SUPPLIED DATA ::
________________
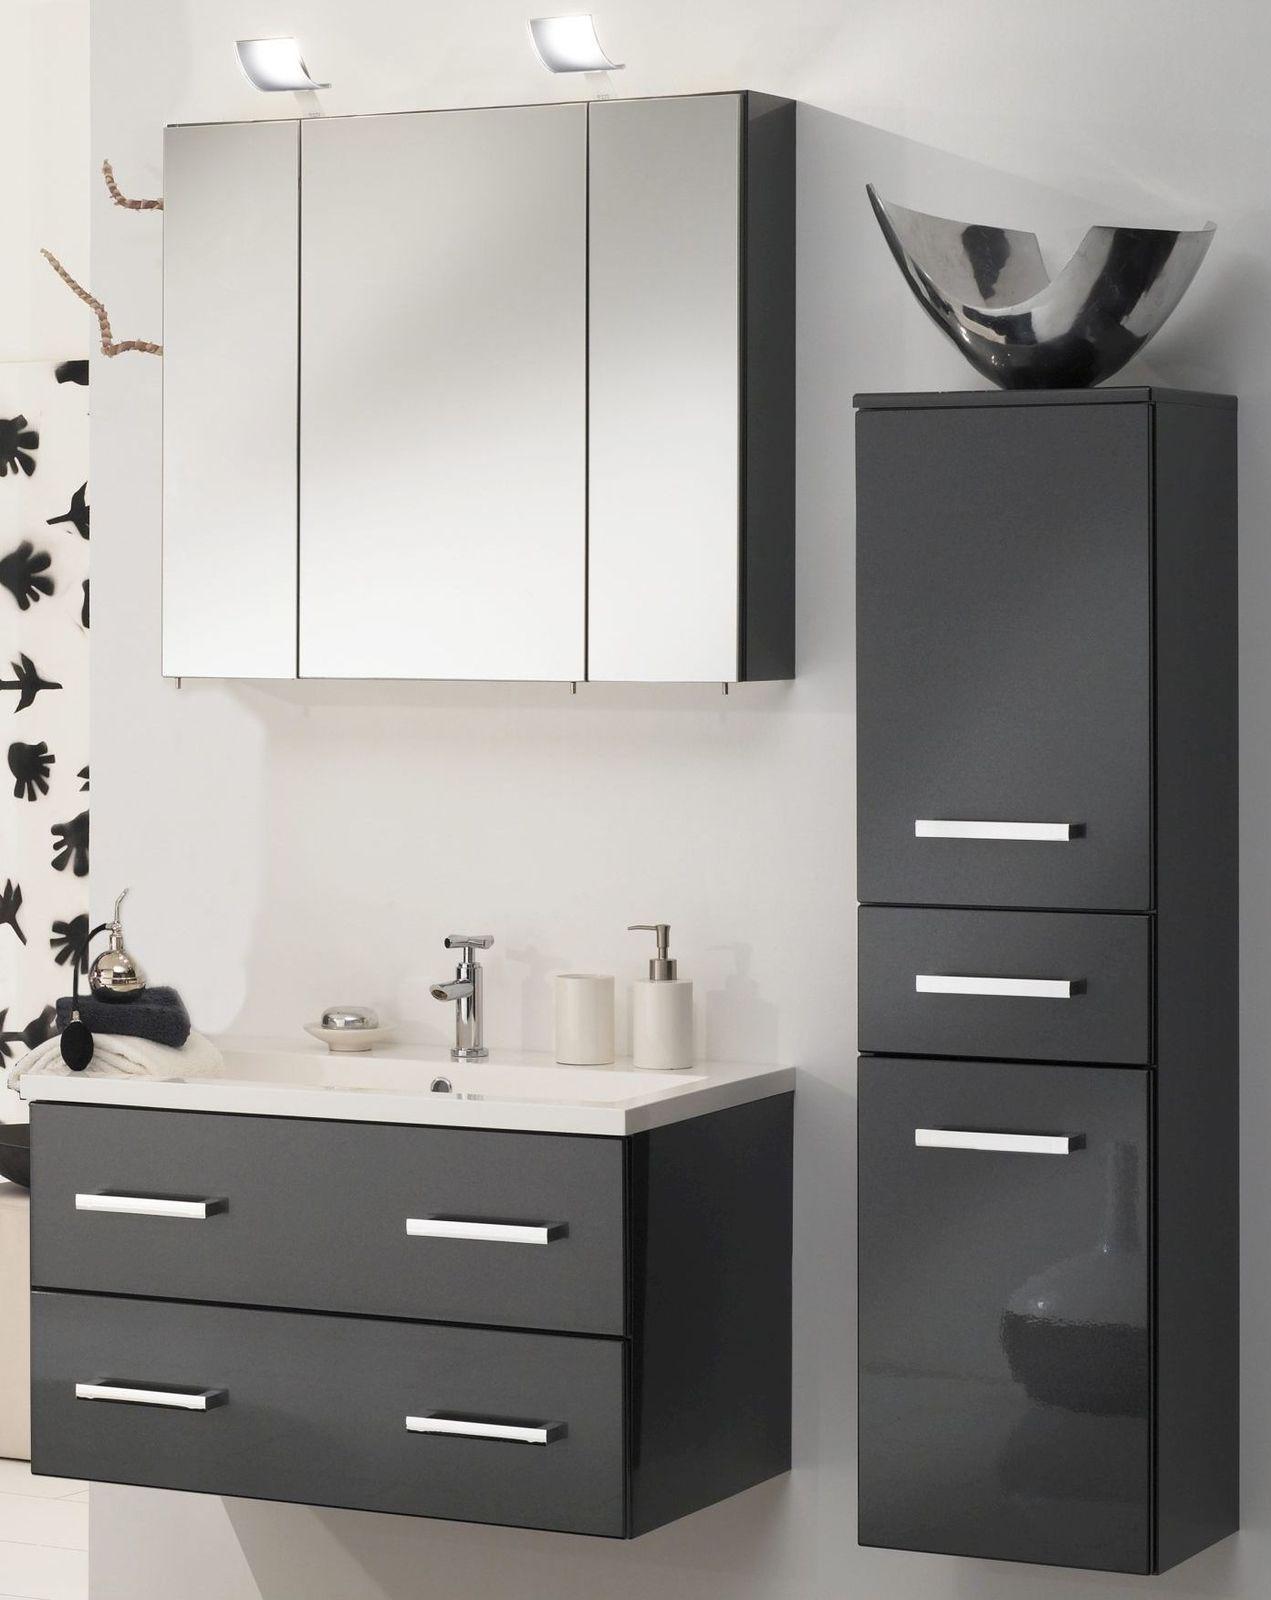 badmbel set schwarz affordable badmobel schwarz cm badmbel set schwarz weiss hochglanz led. Black Bedroom Furniture Sets. Home Design Ideas
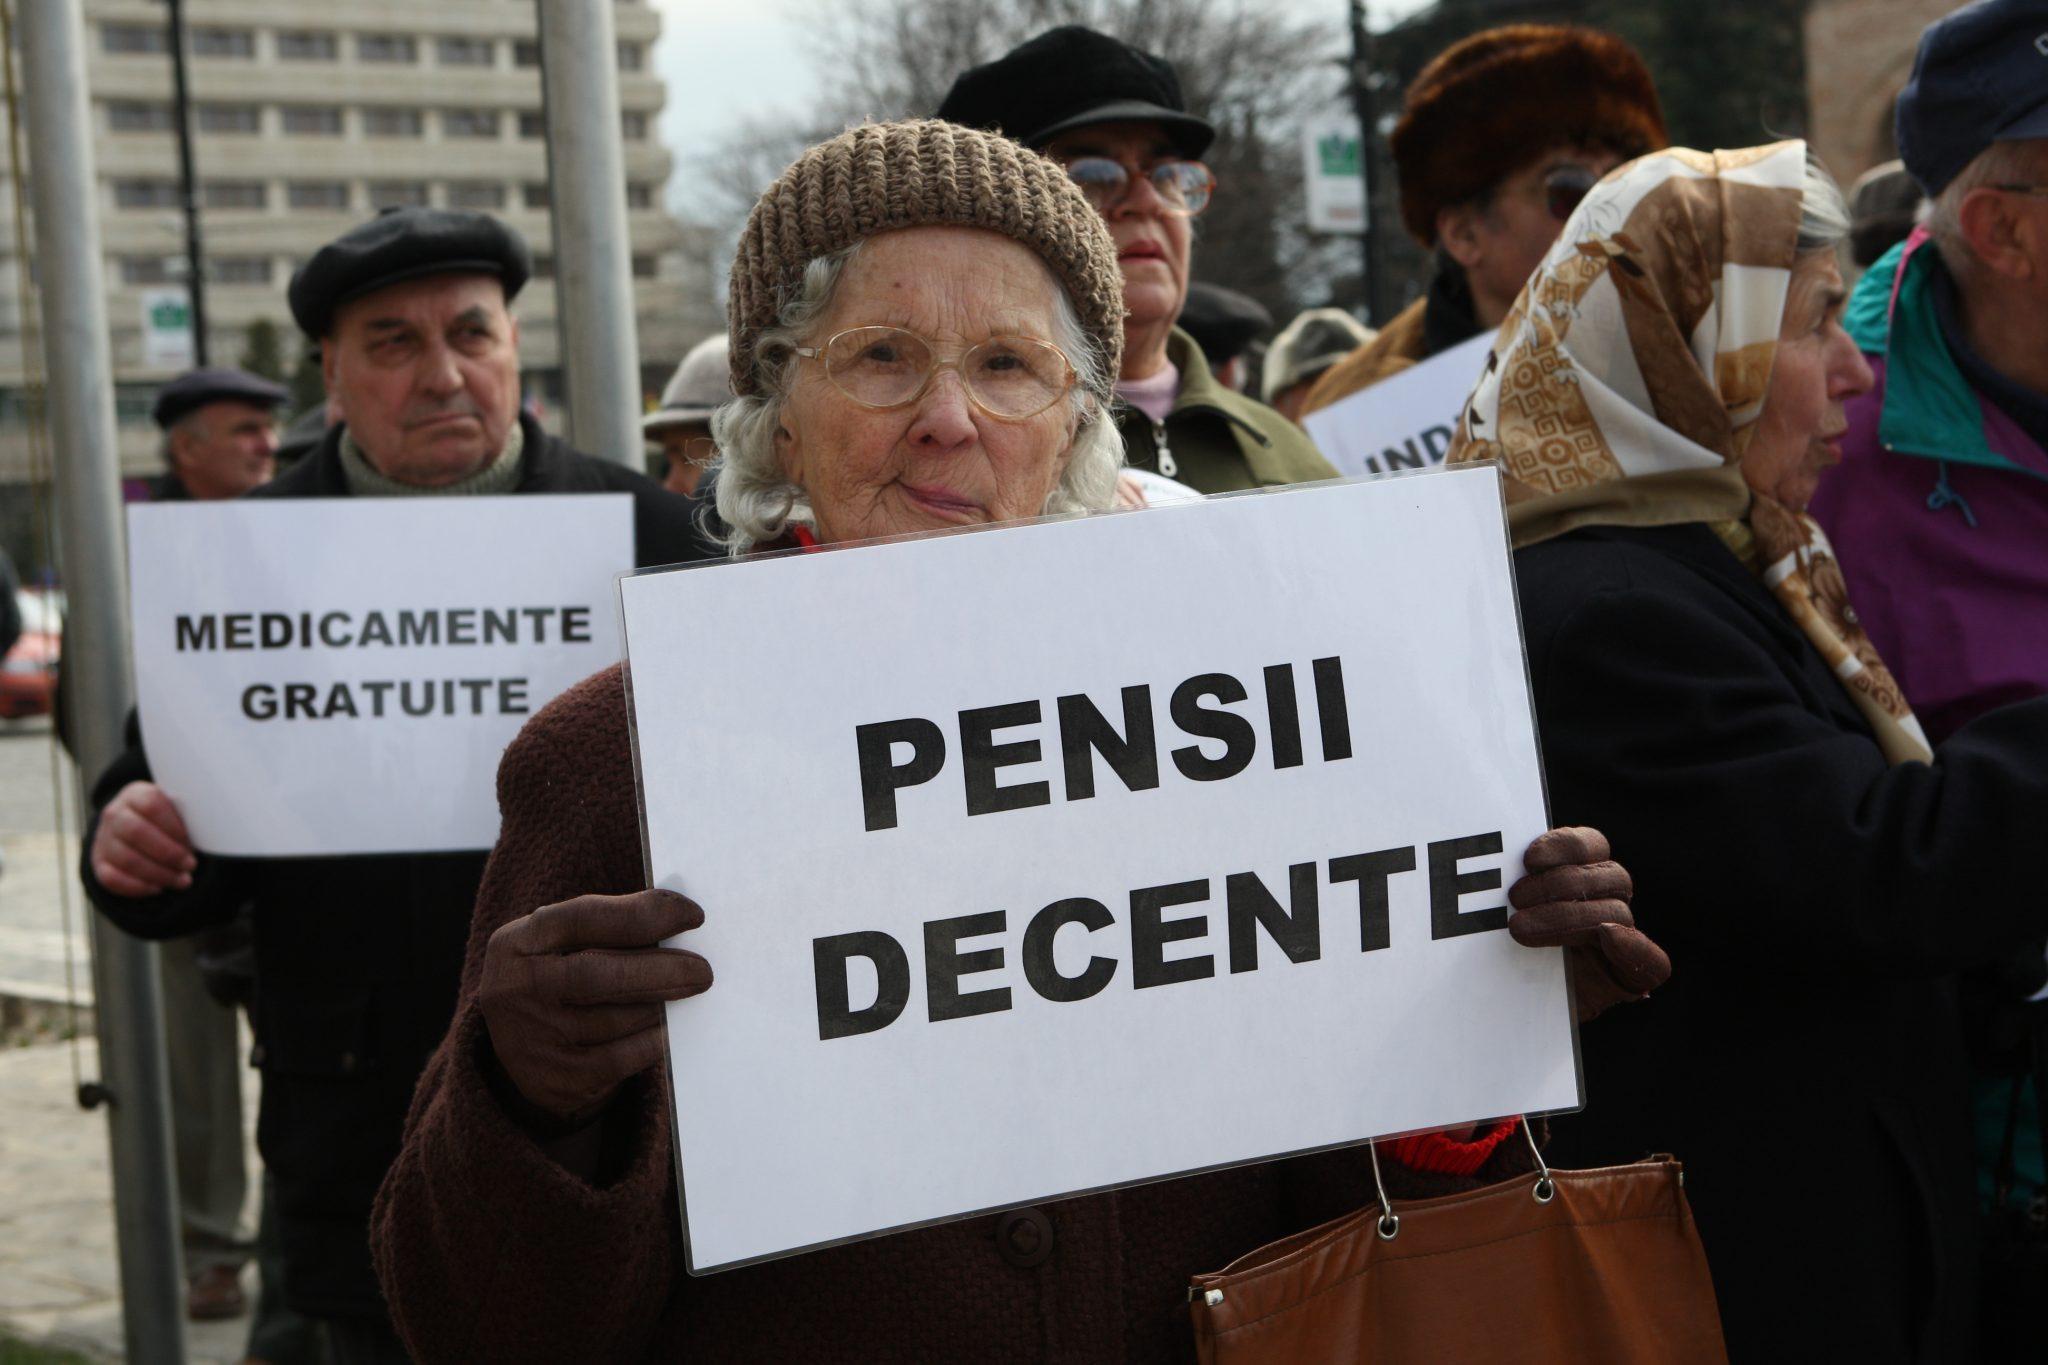 /VIDEO/ Zeci de pensionari au atacat Guvernul și CNAS în judecată pentru că pensiile lor nu ar fi fost calculate corespunzător
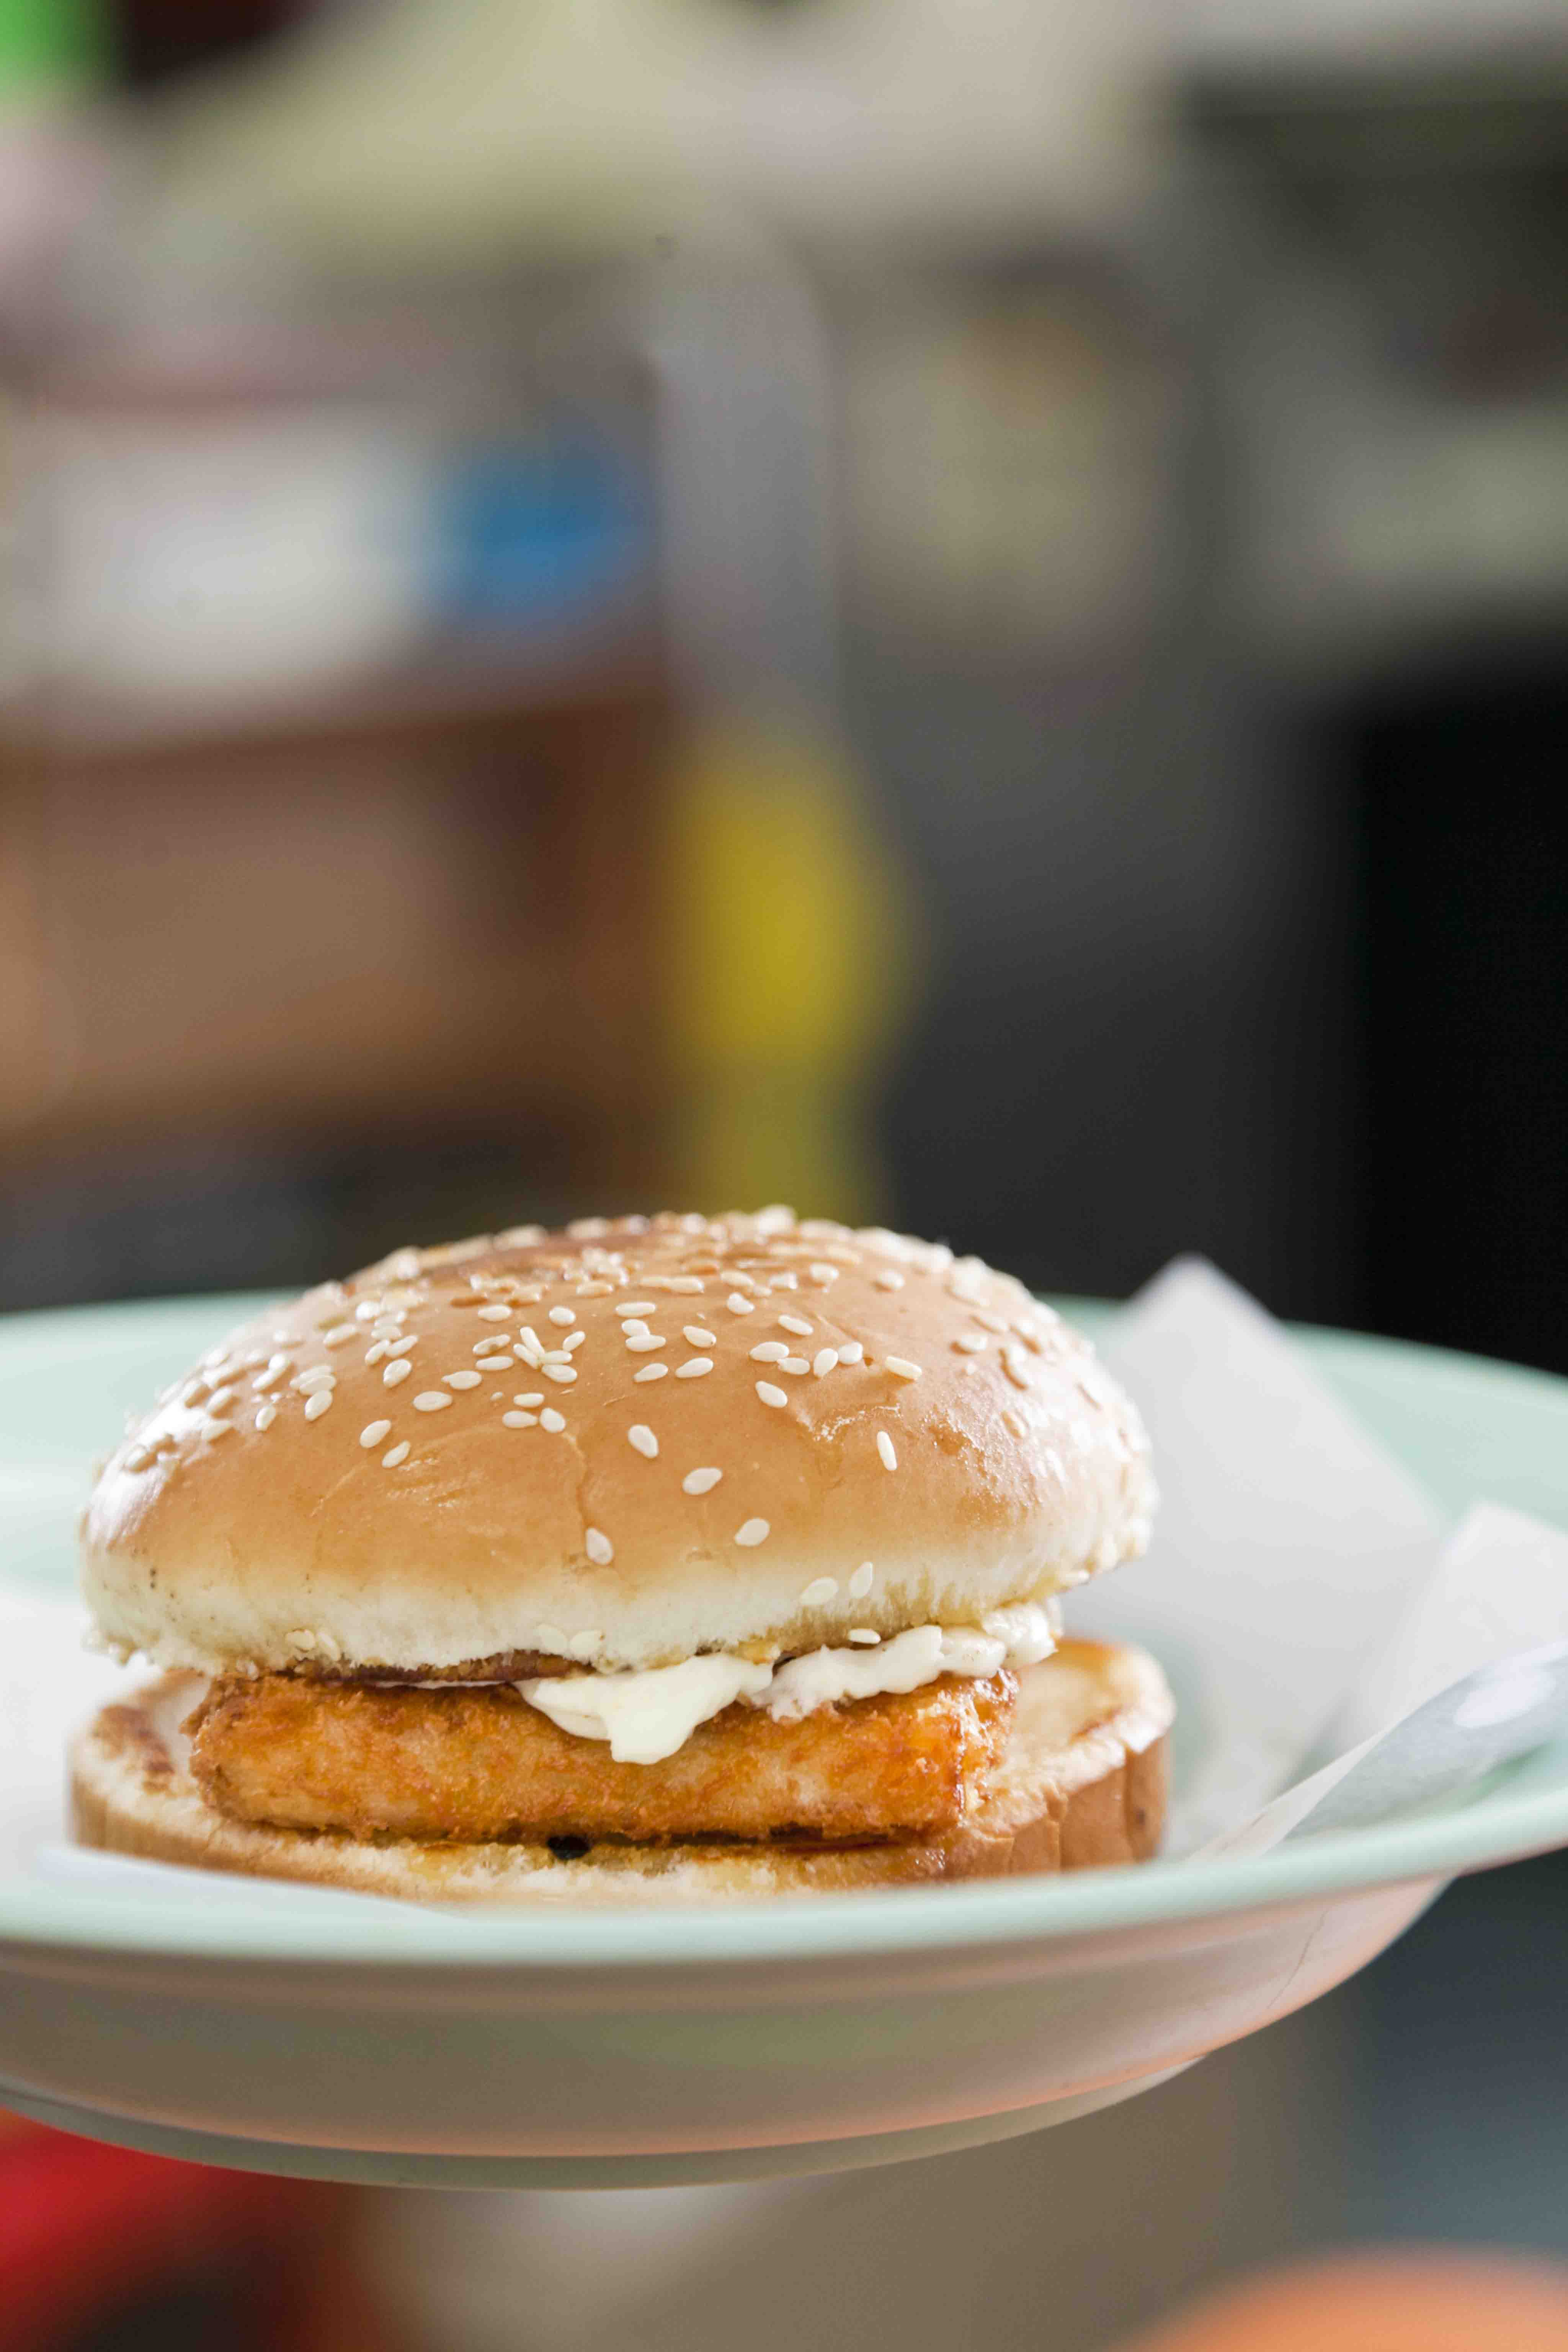 魚柳包 $14新鮮炸起的魚柳香脆,仍能吃到魚肉的纖維,簡單配上沙律醬,便是經典的港式漢堡。
________________
INSTRUCTIONS TO FOLLOW ::
Word for word, restate the whole listing and drop the images.

EXERCISE RESULT ::
 badmbel set schwarz affordable badmobel schwarz cm badmbel set schwarz weiss hochglanz led. Black Bedroom Furniture Sets. Home Design Ideas
 /VIDEO/ Zeci de pensionari au atacat Guvernul și CNAS în judecată pentru că pensiile lor nu ar fi fost calculate corespunzător
 魚柳包 $14新鮮炸起的魚柳香脆,仍能吃到魚肉的纖維,簡單配上沙律醬,便是經典的港式漢堡。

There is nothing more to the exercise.